Saturday, August 6, 2011

ELEGY FOR APRIL: BENJAMIN BLACK

Benjamin Black is the pen name for Booker Prize Winning author John Bannville, whom I have read before.  I heard that he wrote mysteries but didn't think much about it till I came across a couple of recommendations on line.  I really like his writing in this text, so interesting and imaginative, especially the descriptions of people, feelings, and places.  It puts the pot boiler, once a year, best selling writers to shame.  And you realize you read them mostly for plots, not for the writing and insight into the complications of human character, as well as I new way of seeing the world, especially the simple things like a moon, as he says, 'hoisted' in the sky, a lovely verb.  For another example, the major character, Quirke, a reforming alcoholic, in despair, finally downs his first whiskey describing it as such: "The bar man brought the whiskey, and Quirke drank off half of it in one swallow.  The feeling of it spreading through his chest made him think of a small, many branched tree bursting slowly into hot, bright flames."  If anyone remembers the first time they had a shot of whiskey, this description is perfect.  And the book continues in this way, with one interesting analogy or metaphor after another.
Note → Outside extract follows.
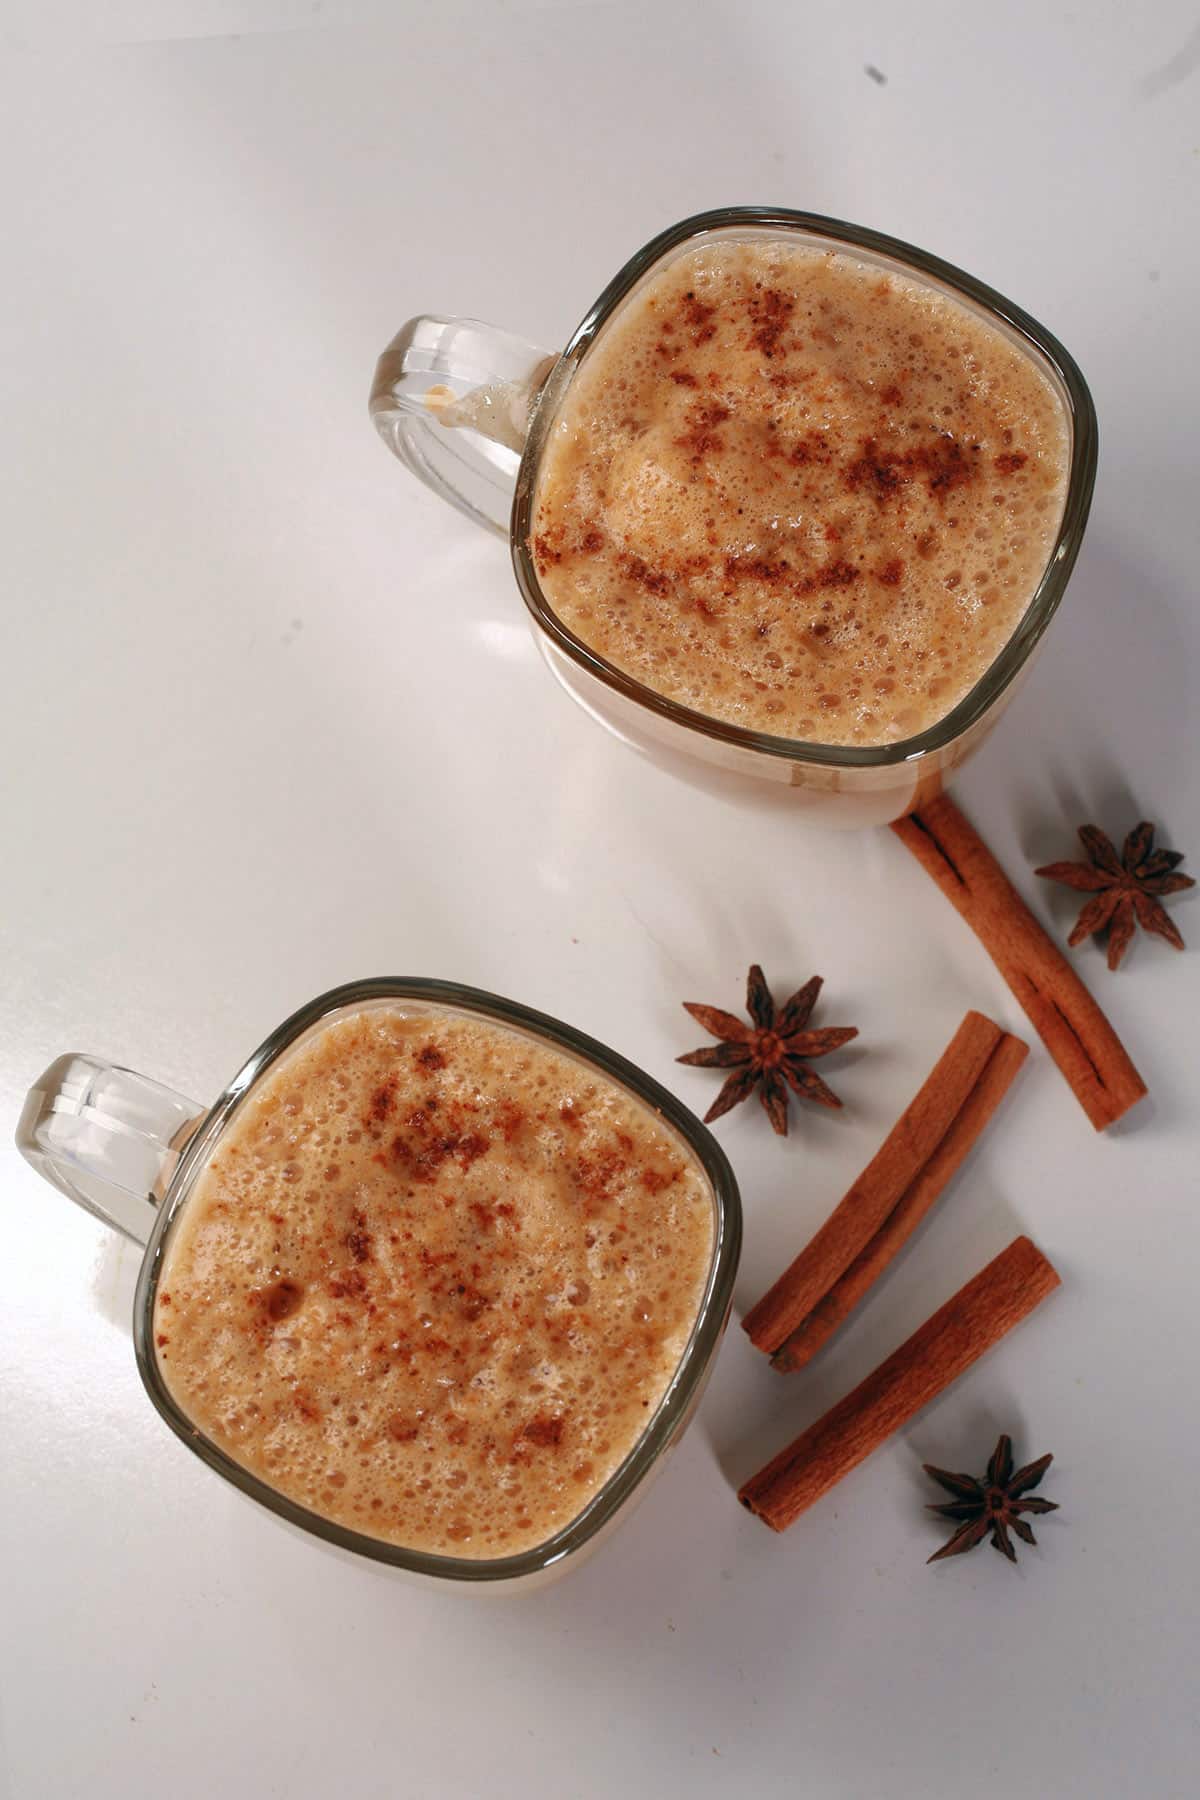 2 Pumpkin Chai Lattes in glass mugs, with cinnamon sticks and star anise around them.
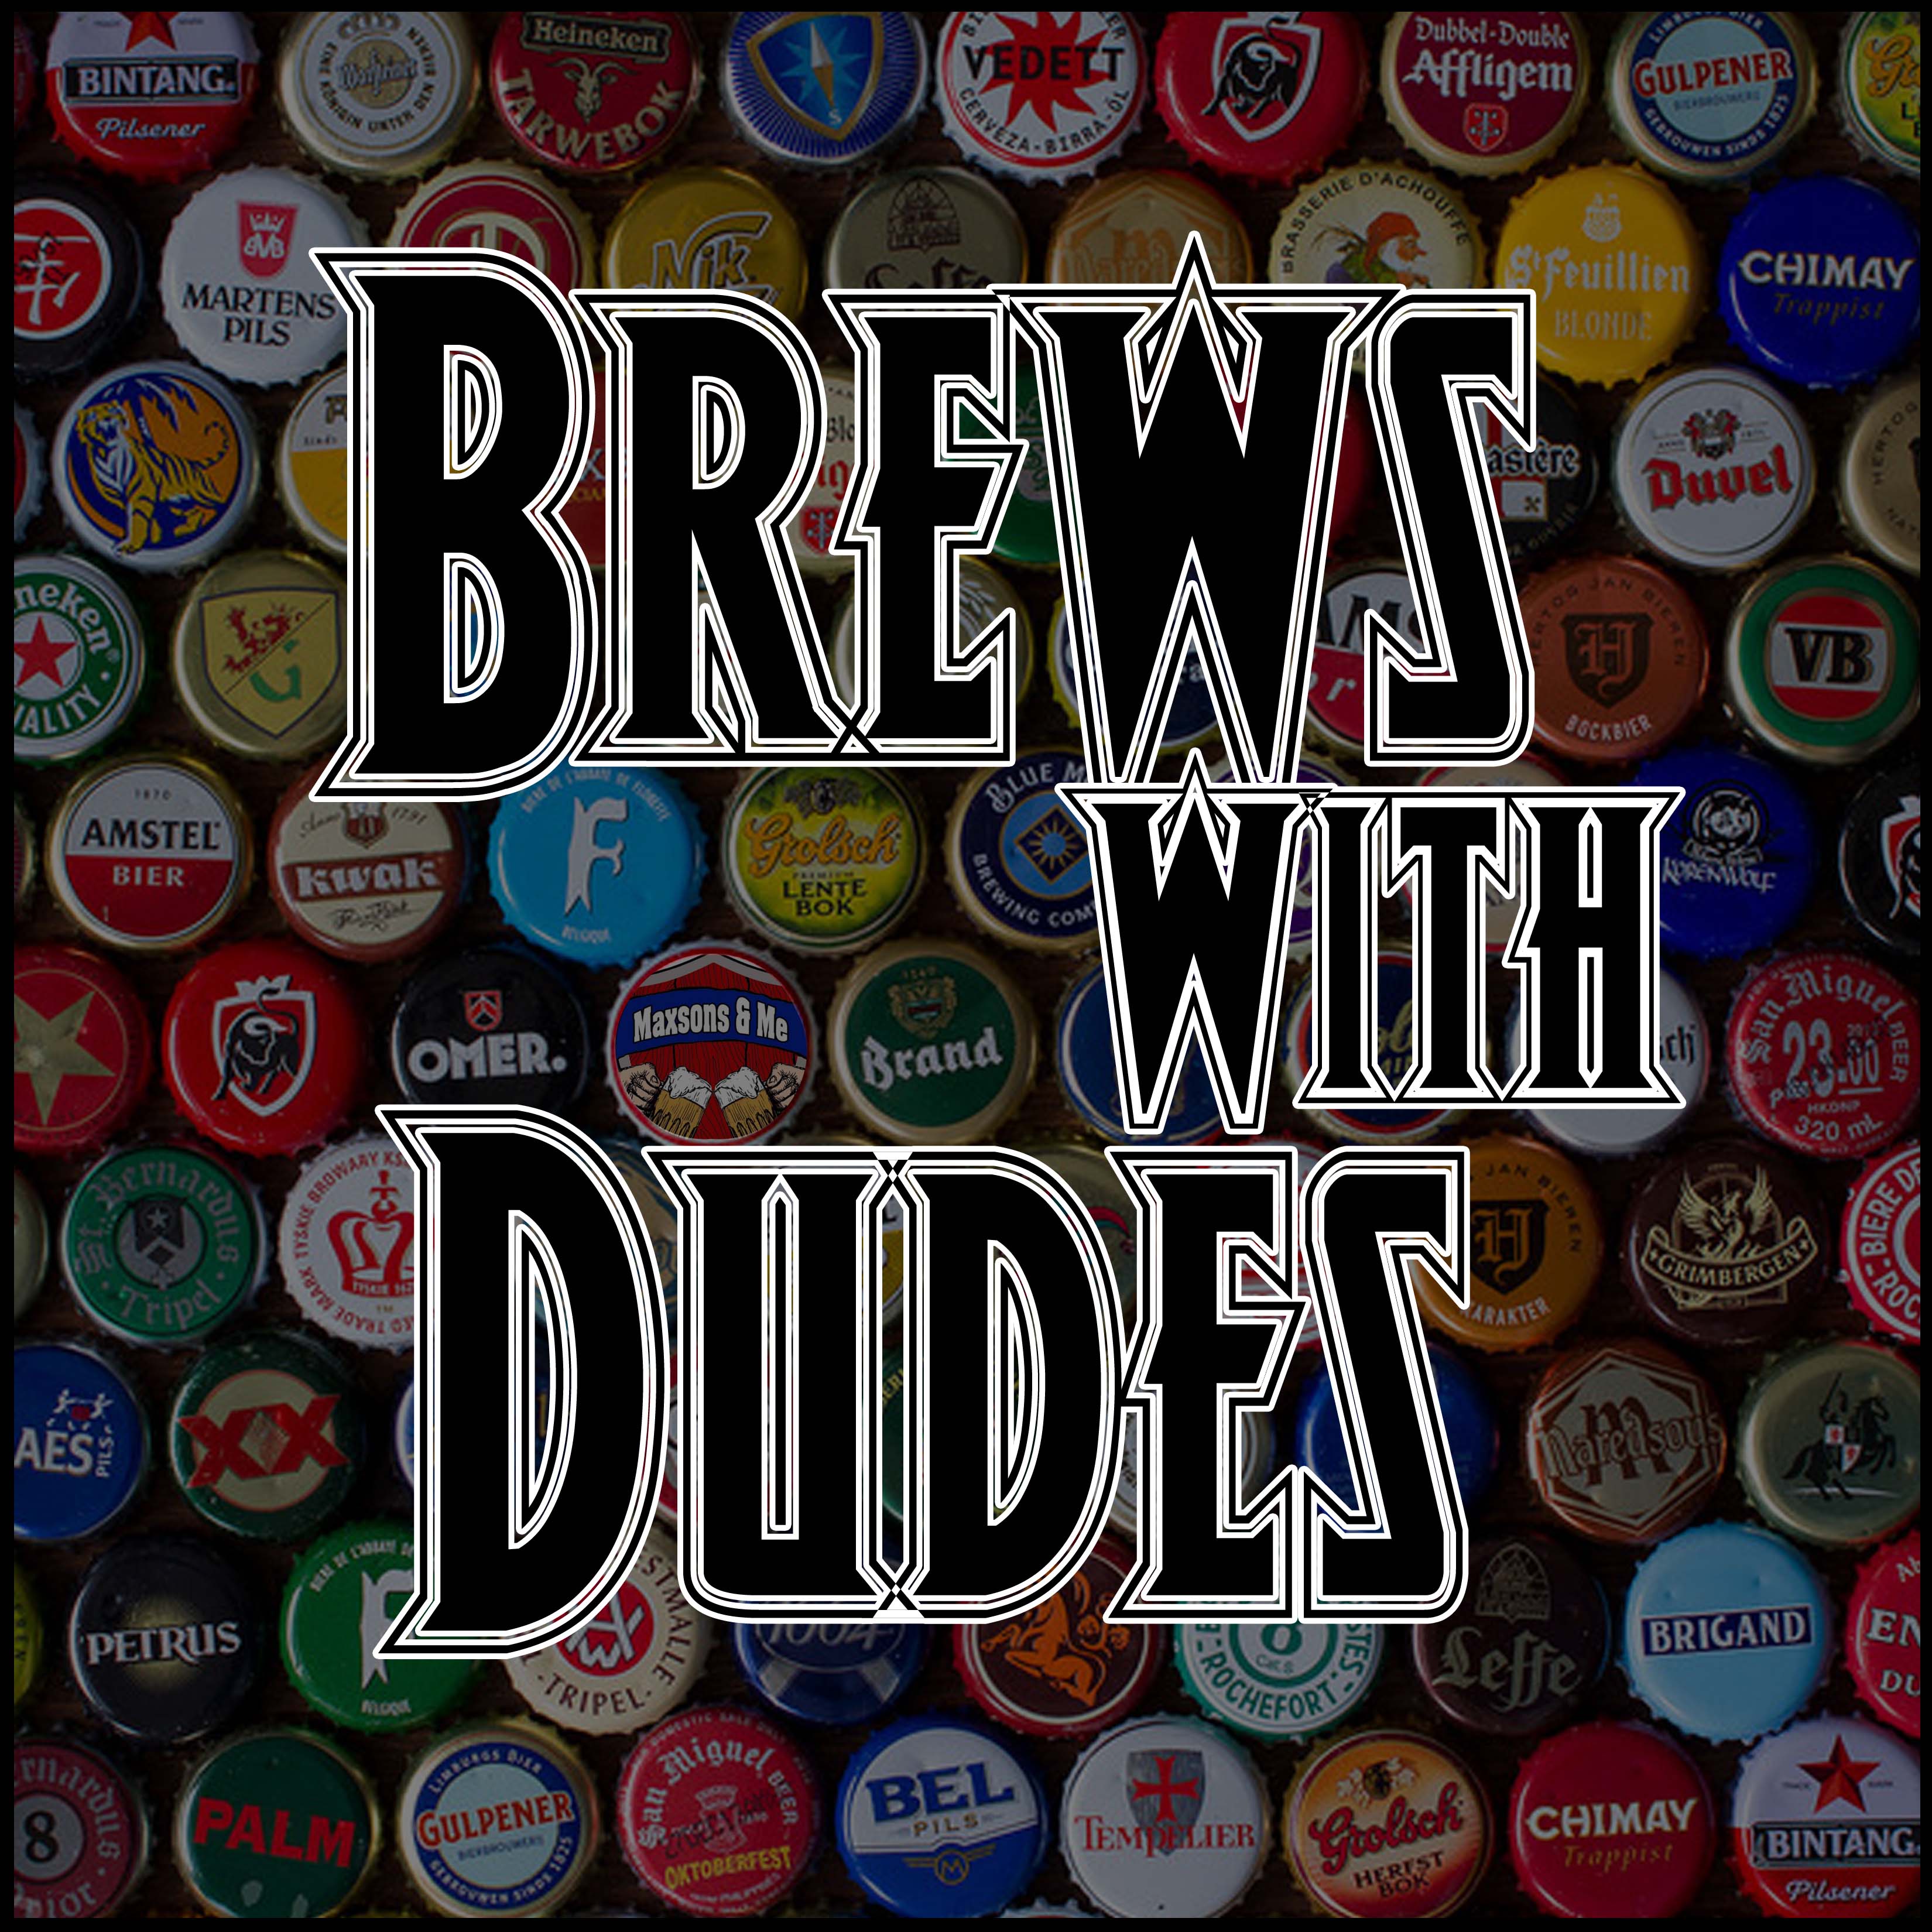 Brews With Dudes 005 - A Dad, a Taxman, and a Foggy Geezer

The story revolves around Quirke, a coroner, his daughter Phoebe, though he allowed her to think she was his step brother's daughter until she discovered the truth...Quirke was her father.  The impetus of the story stems from the disappearance of Phoebe's friend, April Latimer, daughter of a grand family, though seemingly the black sheep.  In the quest to find out what happened, we meet Phoebe's friends, Quirke finds love(sort of), with one of them, and we come across the competent Inspector Hackett, an old friend of Quirke, and a potpourri of Phoebe's friends, all interesting in their own way.  Qurike is at the center, trying to escape from himself, or so he says, with drink, at first, hopefully later with Isabella, his daughter's friend.  Phoebe learns the hard way how little she knows about her friends, that we can not really know anyone, not even ourselves, much to her dismay and though she's less innocent at the end, she seems destined to always be disappointed.  This is worth reading for the language and writing alone if not the story, though it pulled me along quite nicely.  I am going to find the next one.